## Task item
Of the material below, only the lines from the line containing "Поймала за подглядыванием." down to the line containing "Am 2. April" belong in the answer, written out exactly.

## Source information
------------------------------------------------------------
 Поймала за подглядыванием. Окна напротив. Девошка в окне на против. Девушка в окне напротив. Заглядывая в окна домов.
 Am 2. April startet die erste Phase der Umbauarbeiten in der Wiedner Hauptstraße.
------------------------------------------------------------
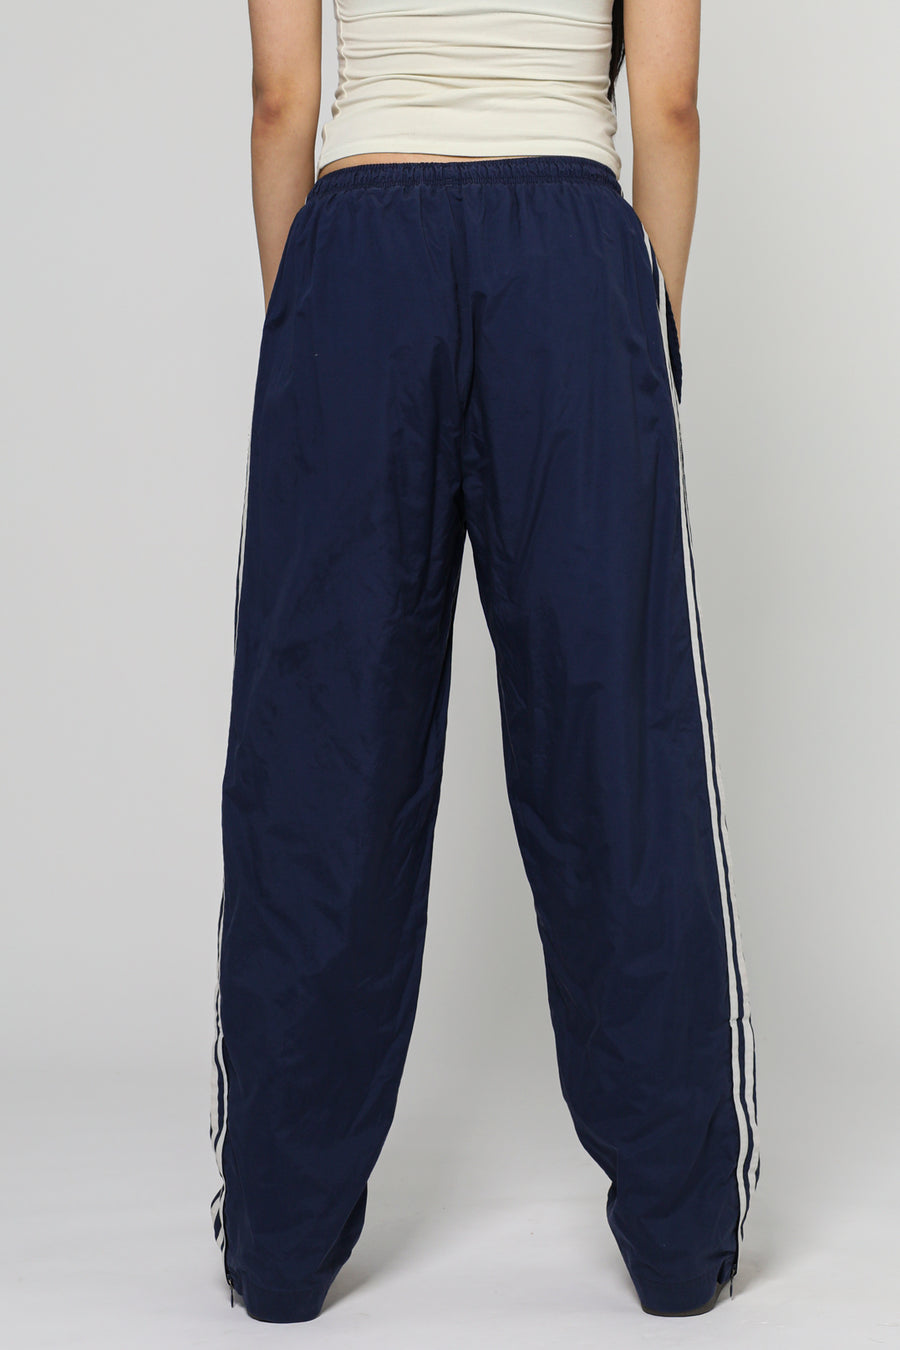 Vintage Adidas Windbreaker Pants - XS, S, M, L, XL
------------------------------------------------------------
## Answer to this exercise
 Поймала за подглядыванием. Окна напротив. Девошка в окне на против. Девушка в окне напротив. Заглядывая в окна домов.
 Am 2. April startet die erste Phase der Umbauarbeiten in der Wiedner Hauptstraße.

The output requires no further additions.